Это обстоятельство очень беспокоило Трубецкого, ион надеялся, что встреча с Сергеем Муравьевым-Апостолом, который тоже недолюбливал Пестеля, поможет им обоим ослабить опасное влияние "кишиневского корсиканца", как они называли его в интимных разговорах.

В Киеве Трубецкие поселились в прекрасном особняке на обрывистом берегу Днепра. Кроме нескольких украинских девушек, весь штат прислуги был привезен из Петербурга.

Так же нарядно и уютно был обставлен будуар Катерины Ивановны, так же манили к себе широкие диваны и кресла в кабинете князя, так же носился по комнатам белый, как ком ваты, шпиц Кадо... Только из окон особняка виднелась не Нева - то синяя, с качающимися на ней белопарусными судами, то одетая в ледяные оковы и закутанная в снежное одеяло,- а необозримые просторы днепровского левобережья.

Большие приемы Трубецкие устраивали редко и только такие, какие вызывались официальной необходимостью. Зато еженедельно по четвергам у них собирались самые. близкие друзья и единомышленники. Четверги эти неизменно затягивались заполночь, почему и получили название "четверго-пятниц".

В эти дни из Василькова приезжал Сергей Муравьев-Апостол, из Каменки - Василий Львович Давыдов, из Любар - Артамон Муравьев, из Умани - Волконские...

Бывали у Трубецких и другие члены Тайного общества - Барятинский, Юшневский и чаще всех Михаил Бестужев-Рюмин. Полтавский полк, в котором он служил, в эту зиму стоял в Киеве. Изредка появлялся и Пестель, который читал здесь новые страницы "Русской правды", выслушивал мнение со сдержанной холодностью и, ничего не обещая в смысле высказанных пожеланий, увозил свою рукопись до нового приезда в Киев.

Красивый особняк над Днепром был и главным штабом связи между Северным и Южным Тайными обществами.

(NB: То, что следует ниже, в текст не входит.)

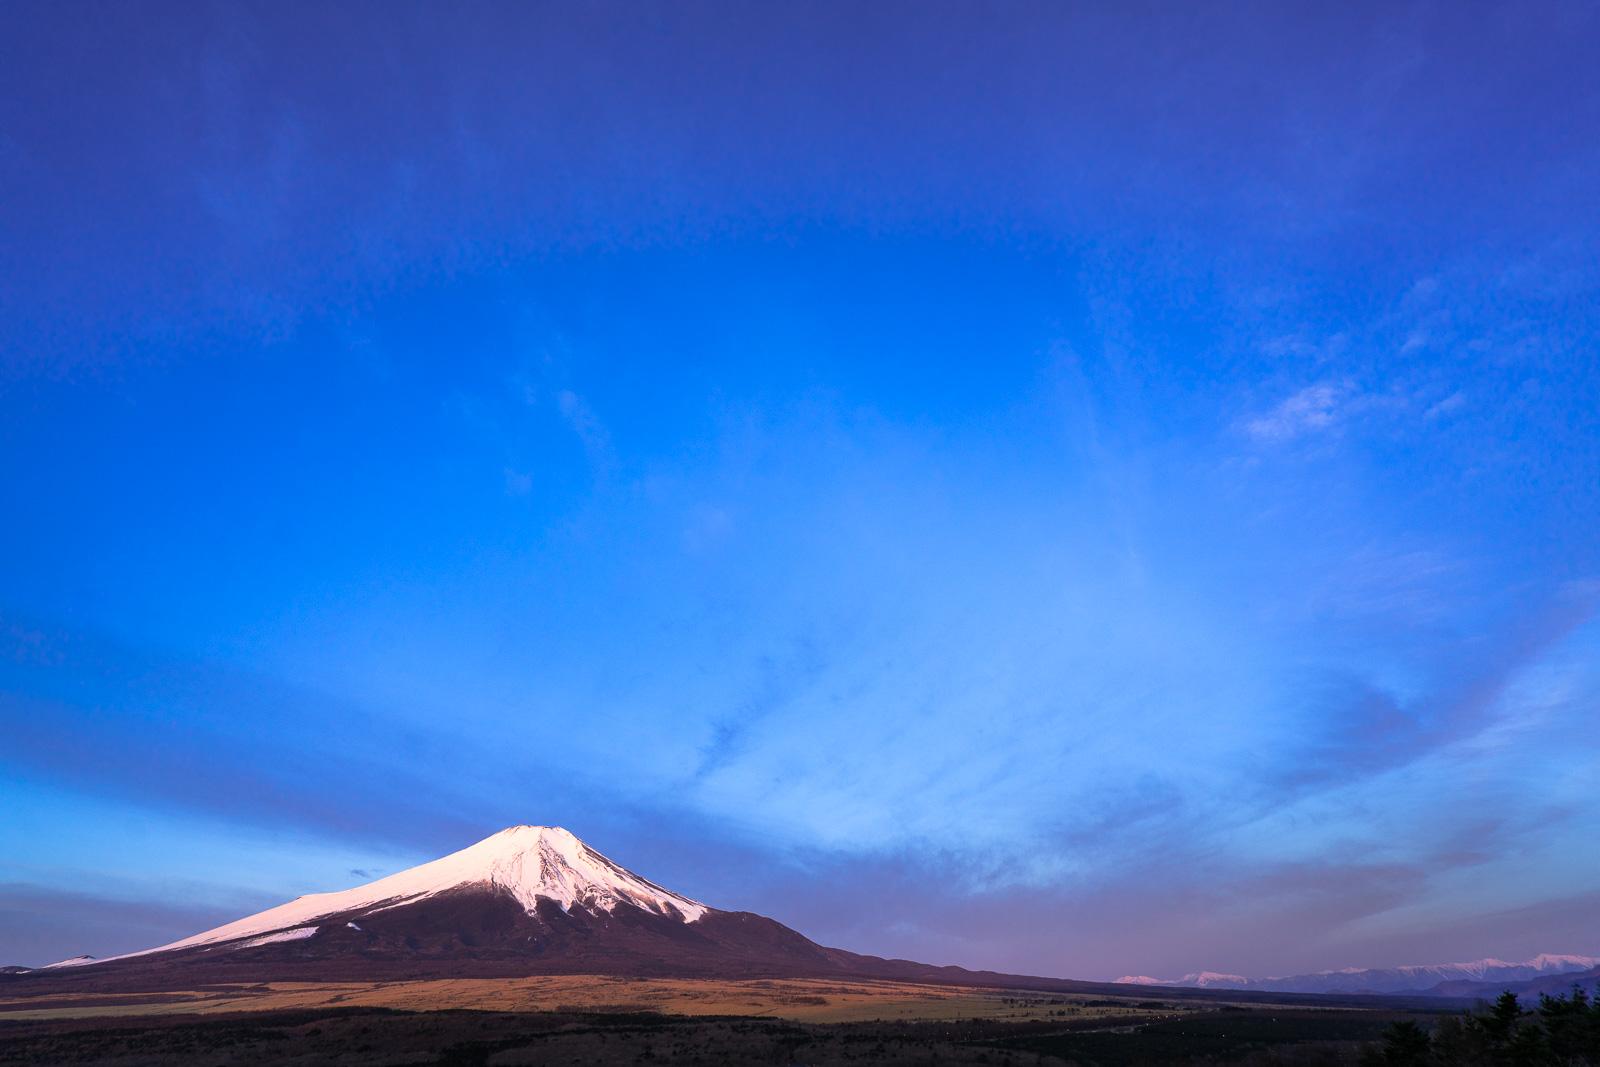 Spring Break '19 Days 13 and 14: Mount Fuji

Оболенский, Рылеев и Никита Муравьев присылали сюда из Петербурга "гонцов" с самыми ответственными, секретными поручениями.

В последнем письме Никита Муравьев писал Трубецкому, что уезжает из Петербурга в Москву, а поэтому просит возвратить туда его "проект", который он на досуге собирался окончательно доработать.

Трубецкой уже сделал много замечаний на полях му-равьевской рукописи. Почти со всем, что писал Никита, Сергей Петрович был согласен. В особенности нравилось ему вступление. Он даже решил прочесть его жене. Но, не считая возможным посвящать Катерину Ивановну в тайну, знание которой могло в дальнейшем принести ей вред, он долго раздумывал, как это сделать и, наконец, нашел выход:

- Каташенька,-сказал он однажды Катерине Ивановне, которая сидела за пяльцами неподалеку от его письменного стола,- я сделал перевод из одного французского мыслителя. Не желаешь ли послушать, как он звучит по-русски?

Катерина Ивановна подняла на мужа темные ласковые глаза, которые только что внимательно рассматривали сложный узор на голубом атласе.

- Конечно, прочти,- сказала она с улыбкой.- Ты как будто даже взволнован этой работой,- и стала спокойно вдевать в иглу розовую шелковинку.

Трубецкой подошел к жене и поцеловал ее в пробор, который, как белая нитка, разделял ее гладко причесанные черные волосы.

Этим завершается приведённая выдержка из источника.